On my computer, this function cannot go deeper than 486 (I wonder how it would fare on a 486?) which isn't that much. It shouldn't be all that difficult to make a lazy version of that function. It boils down to look for sequences and wrap their recursive calls with lazy-seq.

(defn lazy-recursive-string-walk [f form]
  (walk #(cond
           (string? %) (f %)
           (seq? %)    (lazy-seq (lazy-recursive-string-walk f %))
           :default    (lazy-recursive-string-walk f %))
    identity form))

From my understanding of lazy data structures and the walk library, this version should be able to handle data structures of infinite depth given infinite resources. However the test function didn't seems to be in agreement with me as it was crashing at 828. That's about the time I asked for help and stopped thinking about this problem for a while.

Lazy Zippers

A week-end passed by and in the meantime, some people from the group tried to help me, yet nobody found what was the real problem. That would have been miraculous given the actual source of the bug. Furthermore, I was now more convinced than before than there was no bug in the lazy version. Tom Hicks provided a lazy version of walk, which was behaving in the same way. Laurent Petit also suggested that I try to write a version using zippers.

It was an intriguing suggestion, I never used zippers but heard often about them. Additionally, that day, MarkCC from Good Math, Bad Math just posted an article about them. So I learned what they are and how to use them. I must say this is a very neat functional programming technique, really worth the time to learn. It's not that hard, Mark has done a great job explaining it. I won't go into the details, but this version is quite easy to understand when you know that the next function do a depth-first traversal automatically.

(require '[clojure.zip :as z])

(defn lazy-recursive-string-walk-with-zipper [f form]
  (loop [loc (z/seq-zip form)]
    (if (z/end? loc)
      (z/root loc)
      (recur (z/next
               (if (string? (z/node loc))
                 (z/replace loc (f (z/node loc)))
                 loc))))))

To my surprise, the test function still overflowed the stack using this version. And it could simply not throw the StackOverflowError as it executes in a loop. Maybe the error wasn't coming from the lazy walk function after all.

So Where's The Bug?

I've been negligent about one thing, I didn't look closely enough at the stack traces. The one thrown by recursive-string-walk happen to be completely different than the one thrown by lazy-recursive-string-walk.
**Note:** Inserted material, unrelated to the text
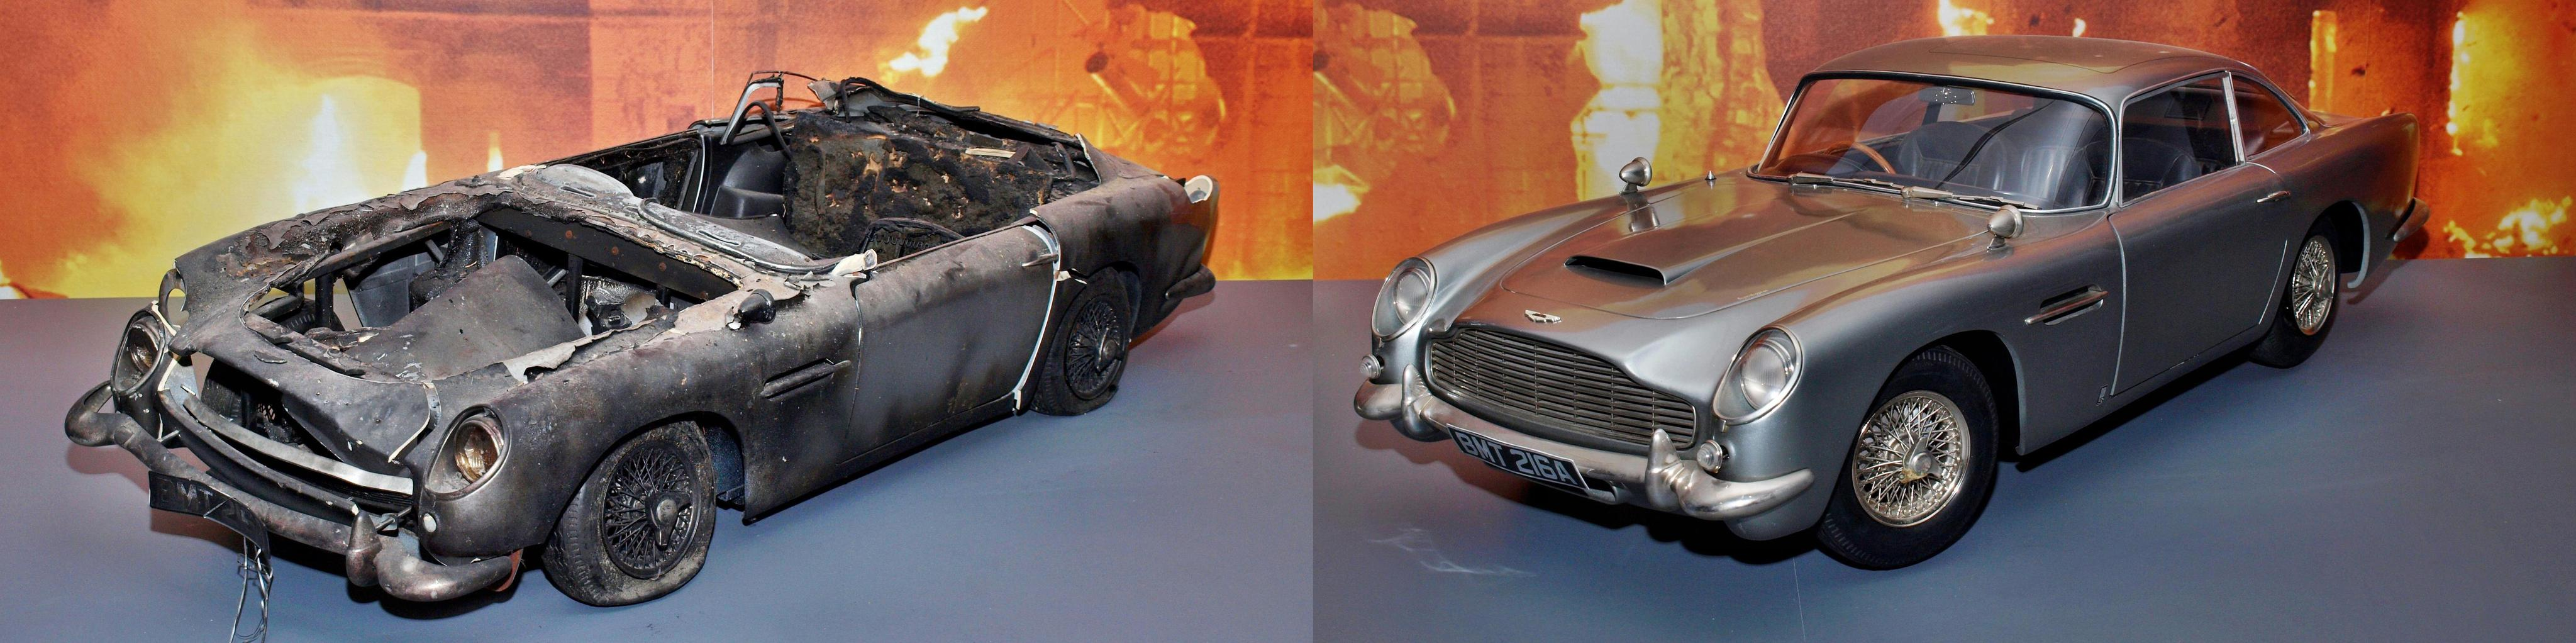 Aston Martin DB5 – суперавтомобиль суперагента. Фотография Малец Михаила Георгиевича

Here's both of them one after the other.

No message.
  [Thrown class java.lang.StackOverflowError]

Restarts:
 0: [ABORT] Return to SLIME's top level.

Backtrace:
  0: clojure.lang.RT.boundedLength(RT.java:1128)
  1: clojure.lang.RestFn.applyTo(RestFn.java:135)
  2: clojure.core$apply__4370.invoke(core.clj:436)
  3: clojure.walk$walk__7942.invoke(walk.clj:43)
  4: recursive_string_walk$recursive_string_walk__4137.invoke(NO_SOURCE_FILE:1)
  5: recursive_string_walk$recursive_string_walk__4137$fn__4139.invoke(NO_SOURCE_FILE:1)
---
No message.
  [Thrown class java.lang.StackOverflowError]

Restarts:
 0: [ABORT] Return to SLIME's top level.

Backtrace:
  0: clojure.lang.RT.assoc(RT.java:666)
  1: clojure.core$assoc__4259.invoke(core.clj:146)
  2: clojure.lang.AFn.applyToHelper(AFn.java:179)
  3: clojure.lang.RestFn.applyTo(RestFn.java:137)
  4: clojure.lang.Ref.alter(Ref.java:174)
  5: clojure.core$alter__4907.doInvoke(core.clj:1542)

The actual source of the exception is the print function that is recursive on nested sequences. This make sense, why would someone want to print such monsters. Because of that inattention I lost time searching for an imaginary bug. Only a small modification is needed to make our test function working.

(defn get-bottom [p]
  (loop [p (first p)]
    (if (seq? p) (recur (first p)) p)))

(defn test-walk [walker shallowest deepest]
  (doseq [depth (range shallowest deepest)]
    (println (get-bottom
               (walker #(str depth " reached " %)
                 (lazy-seq (last (take depth pit))))))))

We simply search for the bottom item and print it, this will also make the test output clearer. We can now see what our original walk function can handle.

user> (test-walk lazy-recursive-string-walk 100000 100001)
...
; Evaluation aborted.
---
Java heap space
  [Thrown class java.lang.OutOfMemoryError]

Well, the heap too has its limit! We would need to augment the JVM heap memory size to be able to run the previous example. Lets reduce our ambitions and do some benchmarking instead.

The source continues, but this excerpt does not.